Harper's economic record

Our old friend David Olive at the Toronto Star has a piece in today's edition examining Canada's economic record under Stephen Harper.  Economic stability was supposed to be one of the key planks in Harper's re-election campaign, but recent data, including a very mild recessionette in the first half of the year, have seriously damaged the story.  In any case, this being the Star, it's no surprise that Olive finds the Tories wanting in most respects.

Piling Peleon on Ossa, Olive compares Harper's record not just with those of other countries over the past decade, but also with what was achieved under previous Canadian Prime Ministers. The first of these strikes me as much more valid than the second. Broadly speaking, everyone was facing the same problems from 2007 on, so it's legitimate to measure one country against another. It's far less reasonable to draw comparisons between what Harper has done and, for example, what Pierre Trudeau did three decades ago.
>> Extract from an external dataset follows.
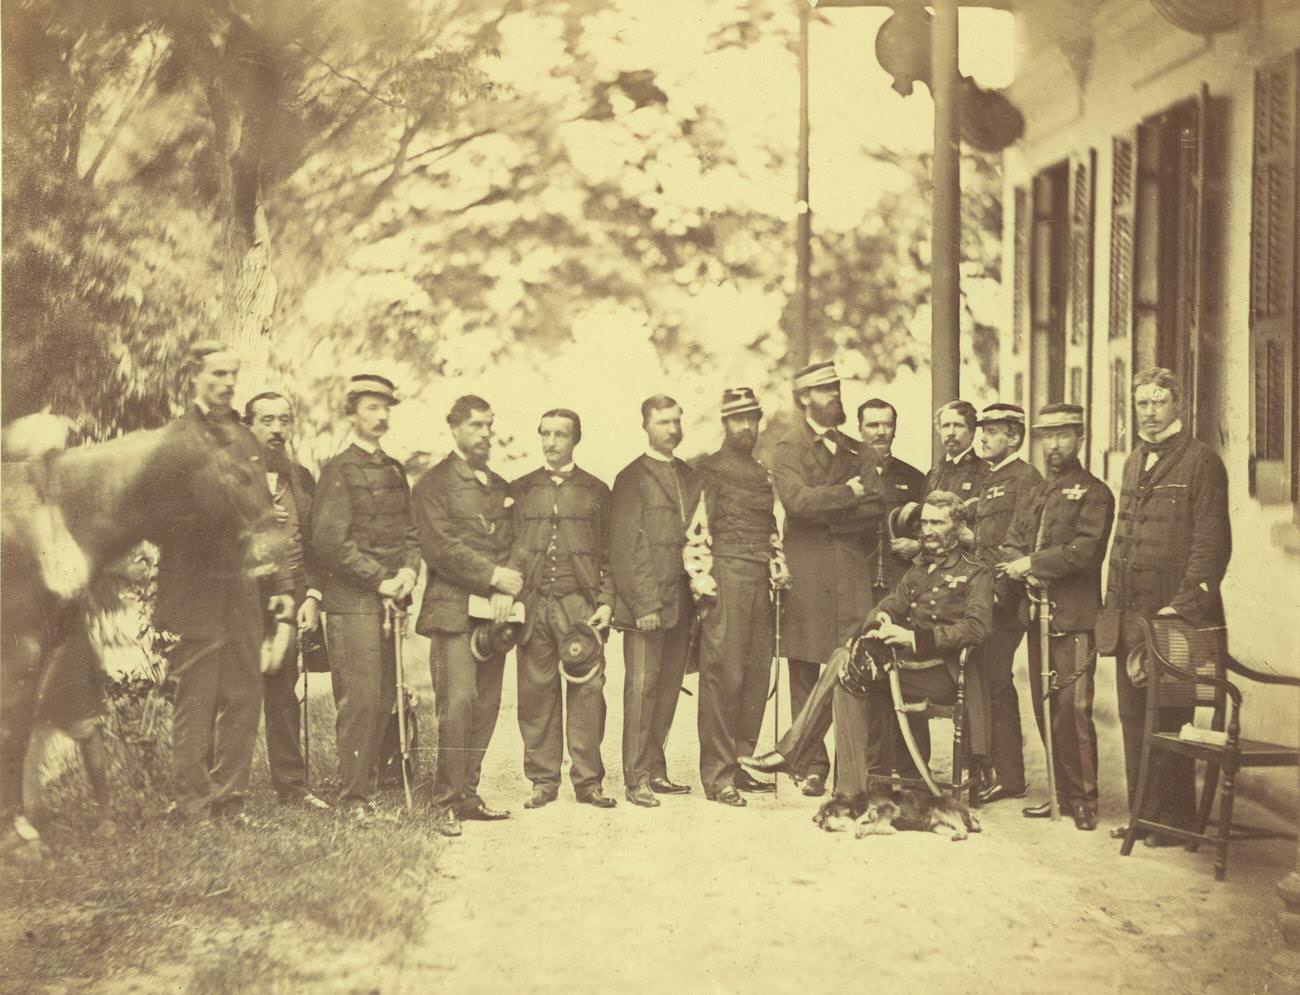 British officer Garnet Joseph Wolseley with Sir Hope Grant and staff in the Anglo-French expedition in China, 1860.

Anyway, let's assess Olive's assessment.

  • Job creation: Olive admits that Canada's record in this regard is better than the rest of the G7 -- but then tries to knock it down anyway. He argues that you'd expect more jobs to be created in a country that has higher population growth, as Canada does because of its high immigration levels. Why should this be so? If rapid population growth drove employment growth, sub-Saharan Africa would presumably be booming. Olive also notes that Canada's unemployment rate is higher than that in other G7 countries: true, but this is nothing new. Structural unemployment, especially in the Atlantic provinces, has always biased the national jobless rate higher.  
  • Fiscal prudence: Olive correctly states that Harper, despite embracing austerity, has in fact presided over seven straight years of budget deficits. There may be a small surplus this year, but only because of fiscal finagling, as Olive outlines. Interestingly, he offers no comparisons with the rest of the G7 here, presumably because he knows that the fiscal performance of most other G7 countries, including the US and the UK, has been so much worse.  Finally, he contrasts Harper's performance with the decade of surpluses rung up by PMs Chretien and Martin. True enough -- but unlike Harper, that was achieved in an era of rapid global economic expansion, not near stagnation. 
  • Economic growth: Olive has to admit that Canada's GDP has grown more than that of any other G7 country during the Harper years. He argues that growth was faster under PMs Martin, Chretien, Mulroney and Trudeau -- but then, as noted above, everyone else was posting faster growth back then too.
  • Prosperity: Olive notes that growth in real GDP per head in the Harper years has averaged a "barely discernible" 0.4 percent per annum. Once again he offers no comparisons with the rest of the G7, for obvious reasons -- they did even worse -- but instead attempts to blacken Harper by comparing him unfavourably with every PM since the Great Depression!

Olive's sour conclusion is the best that can be said is that Canada under Harper muddled through the post-crisis era better than most other countries. And even for this modest achievement, Olive tries to assign much of the credit elsewhere -- specifically, to former Bank of Canada Governor Mark Carney. Here, Olive may actually be onto something. Unlike much of the rest of the G7, Canada did not have to undertake an emergency bailout of its financial system. Some credit for this indeed goes to Carney, and some to the late Jim Flaherty, who as Harper's Finance Minister took a very hands-on approach to the banks as the crisis unfolded.

Arguably, however, most of the credit for the stability of the financial system should go to Messrs Chretien and Martin. Back in 1998, two pairs of Canada's Big Five banks -- first Royal and BMo, and then TD and CIBC -- announced plans to merge, with the specific aim of becoming bigger players on the world stage. The government of the day disallowed the mergers; one can only speculate how differently things might have turned out post-2007, if those deals have gone ahead. Given Olive's zeal to deprive Harper of any credit for anything at all, I'm surprised he didn't mention that.